A lab group at K-State launches an experiment to determine the effect of different diets and stretching techniques on lactic acid production in athletes. The team of researchers are launching a completely novel project, but previous papers has suggested that these treatments will have little to no effect. They take a group of $40$ volunteers from various teams in K-State athletics and divide them into $8$ groups (based on 2 Diets and 2 Stretching techniques), finding that S_1 (stretching technique 1) and D_2 (diet 2) on reduced the average proportion of lactic acid in the athletes, during high-intensity cardio, by $0.278$ .

A research farm has been contracted to investigate the effects of three different feed supplements on the post-harvest meat quality of cattle. The researchers focused on a specific high-value cut of meat and measured the weight of this cut in the highest quality grade after each animal was slaughtered. In a typical scenario, a $1000$ pound cow yields about $600$ pounds of carcass weight after slaughter (called the “hanging weight”), with around $300$ pounds of boneless retail cuts. Of these cuts, approximately $10$ pounds typically fall into the highest quality grade (USDA Prime or equivalent), which represents the most marbled and valuable portion of the meat. In the experiment, two of the feed supplements had no significant effect on the amount of the highest quality meat. One supplement significantly increased the yield of the highest quality grade, boosting the average weight of these premium cuts to $33$ pounds per cow.

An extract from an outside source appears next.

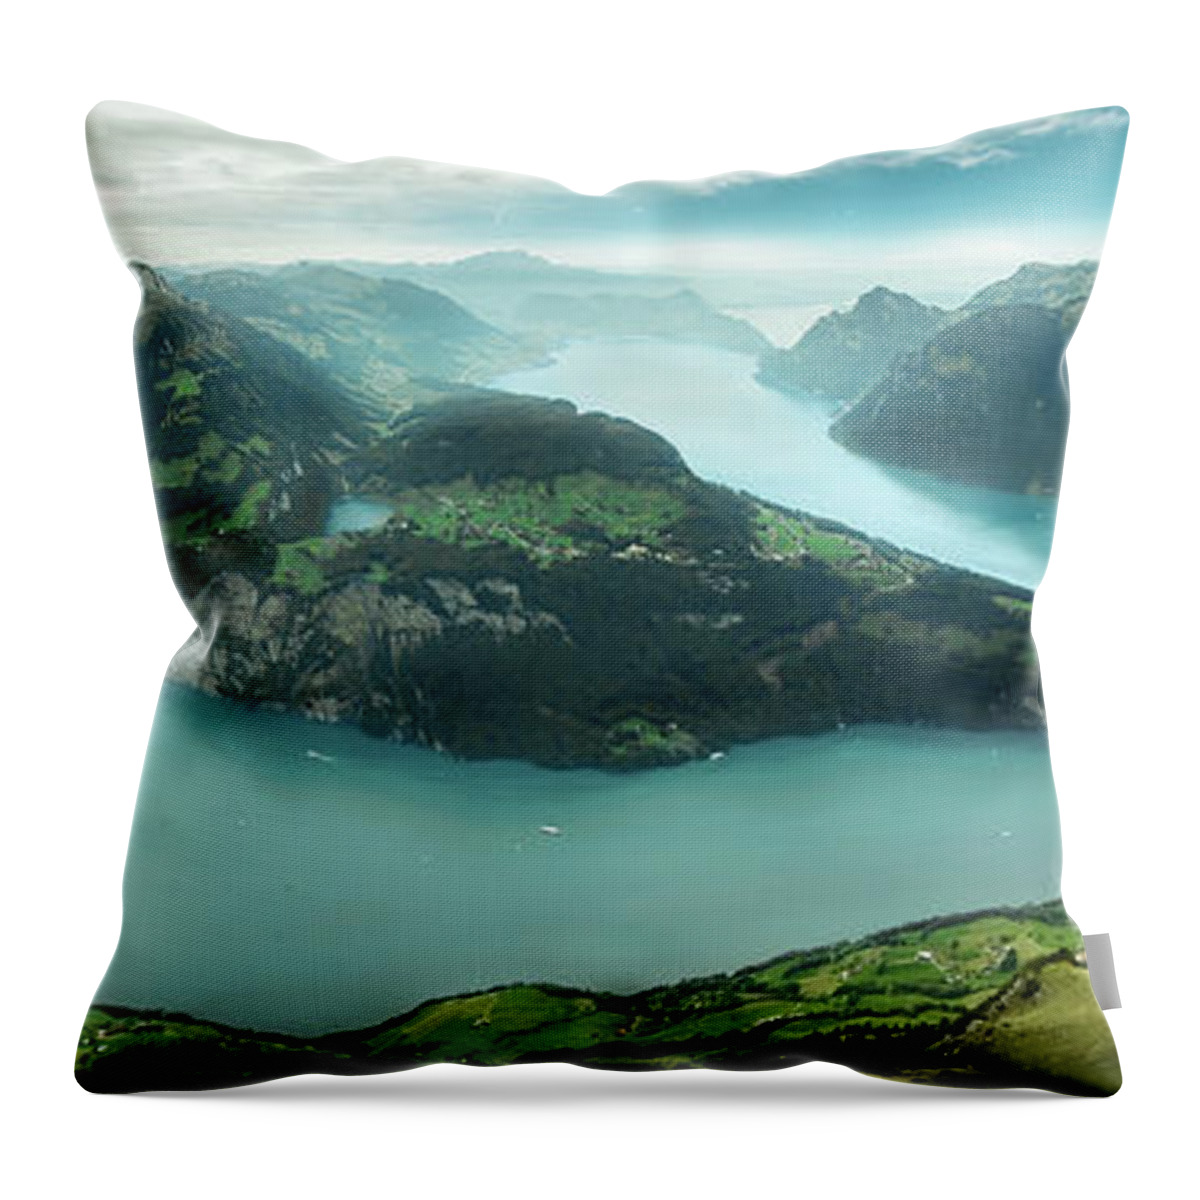 Scenics Throw Pillow featuring the photograph Vierwaldstättersee by Gmsphotography
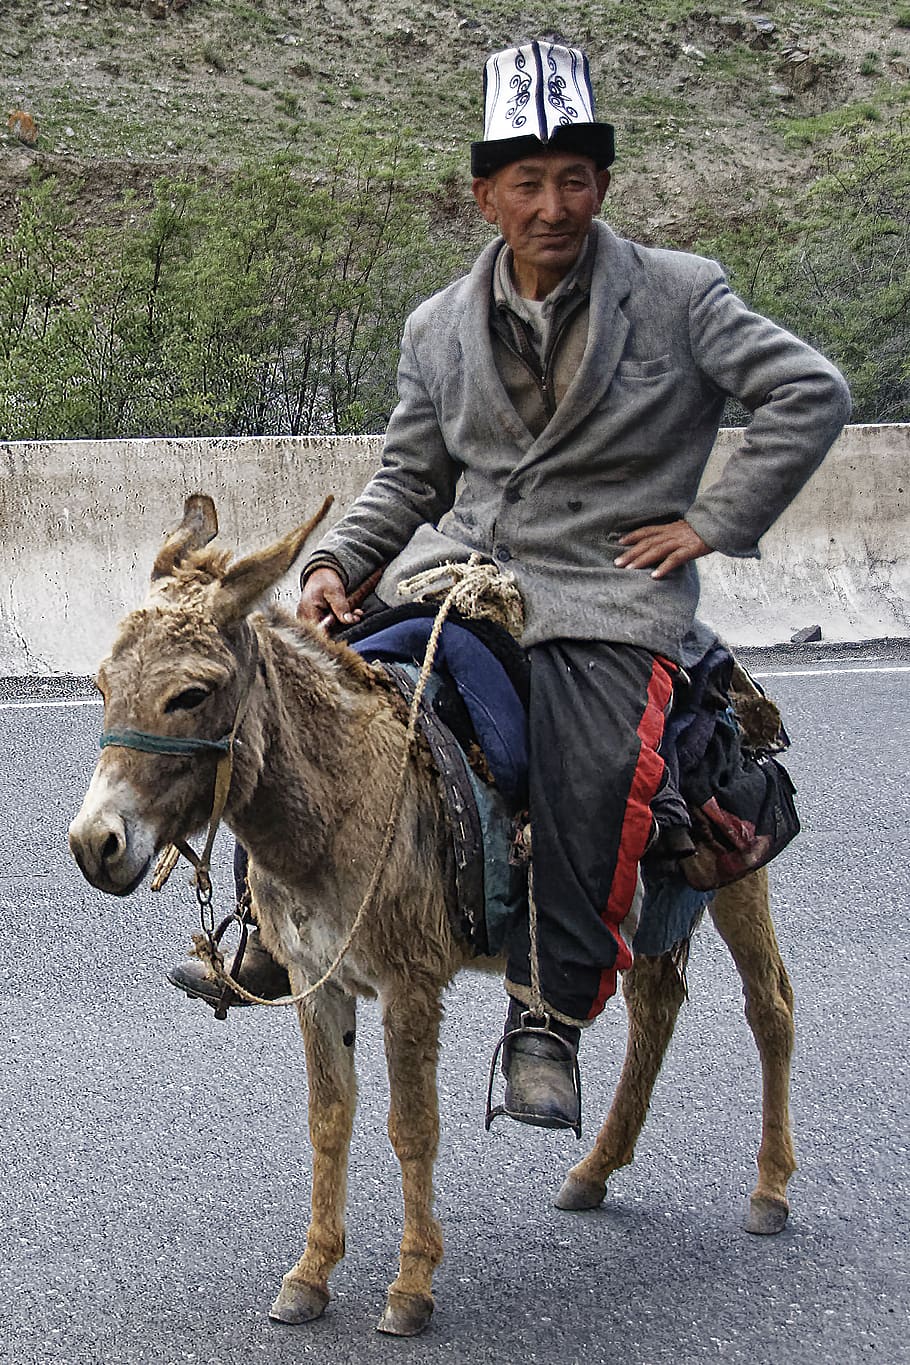 man, donkey, human, animal, ride, culture, costume, hat, kyrgyzstan, traditional

A psychology lab is working to determine the behavioral differences between arranged and self-selected marital partners. Using volunteers, they run an experiment where the one partner is given a simple, physical puzzle to solve blindfolded, and the other partner is tasked with guiding them. They track their measurement of behavioral differences between the two categories of couples by reviewing recordings of the puzzle being solved and counting the frequency that certain key words are said, then categorizing them into positive or negative statements. They would also check the speed at which the couples completed the puzzle. This puzzle task is well studied and overall the average time to complete the puzzle for any two people is roughly $6.5$ minutes. From their experiment where they observed $43$ couples, the partners coming from arranged marriages had an average time $1.2 minutes$ faster than the self-selected marriages, who finished in $5.3$ minutes on average, but a lower frequency of positive or negative statements, with a negligibly higher proportion of positive statements.